──────── Source information ────────
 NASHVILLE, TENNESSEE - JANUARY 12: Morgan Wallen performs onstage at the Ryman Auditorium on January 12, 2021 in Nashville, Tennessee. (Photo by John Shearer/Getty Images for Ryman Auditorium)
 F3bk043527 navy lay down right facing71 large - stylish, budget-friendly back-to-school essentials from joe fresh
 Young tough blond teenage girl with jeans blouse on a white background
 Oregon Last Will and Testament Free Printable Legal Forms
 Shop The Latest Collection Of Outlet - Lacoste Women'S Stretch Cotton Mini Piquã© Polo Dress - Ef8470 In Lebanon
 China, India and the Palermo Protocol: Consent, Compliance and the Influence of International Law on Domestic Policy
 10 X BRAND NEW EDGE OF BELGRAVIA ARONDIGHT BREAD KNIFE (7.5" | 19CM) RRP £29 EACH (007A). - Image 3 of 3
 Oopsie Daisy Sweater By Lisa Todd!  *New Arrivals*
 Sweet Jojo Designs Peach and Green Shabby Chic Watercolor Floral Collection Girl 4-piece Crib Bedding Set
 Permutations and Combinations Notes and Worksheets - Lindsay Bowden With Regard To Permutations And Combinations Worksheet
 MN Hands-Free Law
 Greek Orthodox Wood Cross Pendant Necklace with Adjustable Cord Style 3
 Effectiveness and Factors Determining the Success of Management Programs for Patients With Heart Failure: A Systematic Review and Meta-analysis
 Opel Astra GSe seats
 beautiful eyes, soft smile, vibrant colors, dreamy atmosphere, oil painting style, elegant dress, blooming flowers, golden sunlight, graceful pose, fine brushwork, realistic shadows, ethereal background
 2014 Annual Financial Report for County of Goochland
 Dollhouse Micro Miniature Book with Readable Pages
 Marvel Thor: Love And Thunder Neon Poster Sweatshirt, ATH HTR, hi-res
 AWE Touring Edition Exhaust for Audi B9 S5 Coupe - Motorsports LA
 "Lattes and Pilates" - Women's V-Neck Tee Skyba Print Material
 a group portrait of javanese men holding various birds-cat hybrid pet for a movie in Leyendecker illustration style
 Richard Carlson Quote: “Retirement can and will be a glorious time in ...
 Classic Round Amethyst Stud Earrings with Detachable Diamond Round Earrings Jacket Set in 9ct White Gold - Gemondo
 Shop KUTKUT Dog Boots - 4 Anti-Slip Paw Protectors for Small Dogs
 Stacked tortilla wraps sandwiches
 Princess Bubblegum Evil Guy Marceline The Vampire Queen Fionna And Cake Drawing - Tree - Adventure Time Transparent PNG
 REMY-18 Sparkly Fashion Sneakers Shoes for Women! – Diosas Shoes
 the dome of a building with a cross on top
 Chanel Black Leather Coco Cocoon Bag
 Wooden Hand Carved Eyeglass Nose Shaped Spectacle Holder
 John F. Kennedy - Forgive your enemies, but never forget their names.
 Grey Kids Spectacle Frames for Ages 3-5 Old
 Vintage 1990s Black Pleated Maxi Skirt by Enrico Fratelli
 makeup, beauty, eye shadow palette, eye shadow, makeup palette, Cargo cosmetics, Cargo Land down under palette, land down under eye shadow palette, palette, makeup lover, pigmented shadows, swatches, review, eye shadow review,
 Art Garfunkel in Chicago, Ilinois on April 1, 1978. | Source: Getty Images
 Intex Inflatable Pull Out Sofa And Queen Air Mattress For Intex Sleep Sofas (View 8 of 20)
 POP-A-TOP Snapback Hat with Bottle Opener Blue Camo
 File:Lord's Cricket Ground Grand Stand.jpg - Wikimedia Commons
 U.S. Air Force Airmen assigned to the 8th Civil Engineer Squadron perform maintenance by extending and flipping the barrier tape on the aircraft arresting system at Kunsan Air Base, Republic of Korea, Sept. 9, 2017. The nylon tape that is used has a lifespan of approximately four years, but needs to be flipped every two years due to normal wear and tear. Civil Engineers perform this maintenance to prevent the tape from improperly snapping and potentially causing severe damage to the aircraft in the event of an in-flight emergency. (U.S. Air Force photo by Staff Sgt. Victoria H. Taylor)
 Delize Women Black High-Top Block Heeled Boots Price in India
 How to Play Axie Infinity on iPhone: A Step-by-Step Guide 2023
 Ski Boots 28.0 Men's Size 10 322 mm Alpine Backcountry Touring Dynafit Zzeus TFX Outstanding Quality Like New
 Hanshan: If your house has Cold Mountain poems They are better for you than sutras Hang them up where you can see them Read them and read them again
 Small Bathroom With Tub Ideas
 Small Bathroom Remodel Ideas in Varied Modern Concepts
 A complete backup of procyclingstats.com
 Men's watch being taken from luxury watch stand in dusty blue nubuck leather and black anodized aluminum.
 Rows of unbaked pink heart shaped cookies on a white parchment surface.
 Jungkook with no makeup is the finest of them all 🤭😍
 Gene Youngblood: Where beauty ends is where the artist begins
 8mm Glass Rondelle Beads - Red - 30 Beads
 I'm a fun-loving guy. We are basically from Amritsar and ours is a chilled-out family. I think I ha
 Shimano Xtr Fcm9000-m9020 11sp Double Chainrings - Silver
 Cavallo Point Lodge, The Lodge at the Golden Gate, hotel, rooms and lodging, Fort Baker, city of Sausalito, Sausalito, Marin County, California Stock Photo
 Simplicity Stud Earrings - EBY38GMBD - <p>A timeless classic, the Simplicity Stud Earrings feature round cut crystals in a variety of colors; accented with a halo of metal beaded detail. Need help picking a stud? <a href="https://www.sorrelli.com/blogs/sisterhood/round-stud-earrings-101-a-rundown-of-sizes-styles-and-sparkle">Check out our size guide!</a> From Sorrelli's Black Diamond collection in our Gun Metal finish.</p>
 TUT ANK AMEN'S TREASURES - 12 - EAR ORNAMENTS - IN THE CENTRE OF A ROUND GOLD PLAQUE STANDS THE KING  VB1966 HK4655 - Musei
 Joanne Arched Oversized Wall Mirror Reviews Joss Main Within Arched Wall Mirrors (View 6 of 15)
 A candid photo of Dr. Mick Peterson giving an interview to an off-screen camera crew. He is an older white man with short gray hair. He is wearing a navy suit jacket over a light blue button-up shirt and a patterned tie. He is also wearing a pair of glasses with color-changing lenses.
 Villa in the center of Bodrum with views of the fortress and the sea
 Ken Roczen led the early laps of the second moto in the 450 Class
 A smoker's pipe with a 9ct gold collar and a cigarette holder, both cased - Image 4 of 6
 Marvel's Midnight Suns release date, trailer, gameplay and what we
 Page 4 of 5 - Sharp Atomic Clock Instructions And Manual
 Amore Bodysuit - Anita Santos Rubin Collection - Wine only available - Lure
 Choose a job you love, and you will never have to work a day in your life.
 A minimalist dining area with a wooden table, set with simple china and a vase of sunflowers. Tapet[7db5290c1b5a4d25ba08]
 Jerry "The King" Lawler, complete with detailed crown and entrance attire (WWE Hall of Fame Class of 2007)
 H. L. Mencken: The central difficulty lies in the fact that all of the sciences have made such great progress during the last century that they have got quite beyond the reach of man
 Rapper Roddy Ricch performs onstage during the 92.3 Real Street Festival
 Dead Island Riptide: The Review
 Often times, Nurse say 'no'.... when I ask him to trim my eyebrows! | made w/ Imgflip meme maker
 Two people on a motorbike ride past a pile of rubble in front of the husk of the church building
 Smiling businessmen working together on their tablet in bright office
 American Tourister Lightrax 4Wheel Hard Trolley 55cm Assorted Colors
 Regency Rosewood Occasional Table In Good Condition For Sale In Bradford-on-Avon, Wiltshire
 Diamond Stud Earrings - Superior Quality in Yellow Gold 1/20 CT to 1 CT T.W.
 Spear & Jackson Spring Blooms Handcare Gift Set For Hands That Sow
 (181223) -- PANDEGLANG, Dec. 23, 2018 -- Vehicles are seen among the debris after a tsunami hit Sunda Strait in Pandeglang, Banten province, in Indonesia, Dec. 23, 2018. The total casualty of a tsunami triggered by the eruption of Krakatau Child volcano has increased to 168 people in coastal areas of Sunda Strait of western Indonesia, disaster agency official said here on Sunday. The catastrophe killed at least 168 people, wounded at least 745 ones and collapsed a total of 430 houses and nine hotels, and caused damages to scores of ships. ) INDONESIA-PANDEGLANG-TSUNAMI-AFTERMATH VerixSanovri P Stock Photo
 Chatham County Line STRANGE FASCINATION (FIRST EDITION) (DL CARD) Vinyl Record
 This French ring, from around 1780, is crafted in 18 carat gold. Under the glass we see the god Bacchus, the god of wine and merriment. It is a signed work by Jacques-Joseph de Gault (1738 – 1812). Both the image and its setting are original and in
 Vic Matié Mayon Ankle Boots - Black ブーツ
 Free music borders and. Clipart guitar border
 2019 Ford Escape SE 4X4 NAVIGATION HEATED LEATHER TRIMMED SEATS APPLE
────────
> [Required action]: Among the records above, only the lines between the line holding "Classic Round Amethyst" and the line holding "File:Lord's Cricket Ground", inclusive, are to be output, exactly as written.

> [Solved exercise]:
 Classic Round Amethyst Stud Earrings with Detachable Diamond Round Earrings Jacket Set in 9ct White Gold - Gemondo
 Shop KUTKUT Dog Boots - 4 Anti-Slip Paw Protectors for Small Dogs
 Stacked tortilla wraps sandwiches
 Princess Bubblegum Evil Guy Marceline The Vampire Queen Fionna And Cake Drawing - Tree - Adventure Time Transparent PNG
 REMY-18 Sparkly Fashion Sneakers Shoes for Women! – Diosas Shoes
 the dome of a building with a cross on top
 Chanel Black Leather Coco Cocoon Bag
 Wooden Hand Carved Eyeglass Nose Shaped Spectacle Holder
 John F. Kennedy - Forgive your enemies, but never forget their names.
 Grey Kids Spectacle Frames for Ages 3-5 Old
 Vintage 1990s Black Pleated Maxi Skirt by Enrico Fratelli
 makeup, beauty, eye shadow palette, eye shadow, makeup palette, Cargo cosmetics, Cargo Land down under palette, land down under eye shadow palette, palette, makeup lover, pigmented shadows, swatches, review, eye shadow review,
 Art Garfunkel in Chicago, Ilinois on April 1, 1978. | Source: Getty Images
 Intex Inflatable Pull Out Sofa And Queen Air Mattress For Intex Sleep Sofas (View 8 of 20)
 POP-A-TOP Snapback Hat with Bottle Opener Blue Camo
 File:Lord's Cricket Ground Grand Stand.jpg - Wikimedia Commons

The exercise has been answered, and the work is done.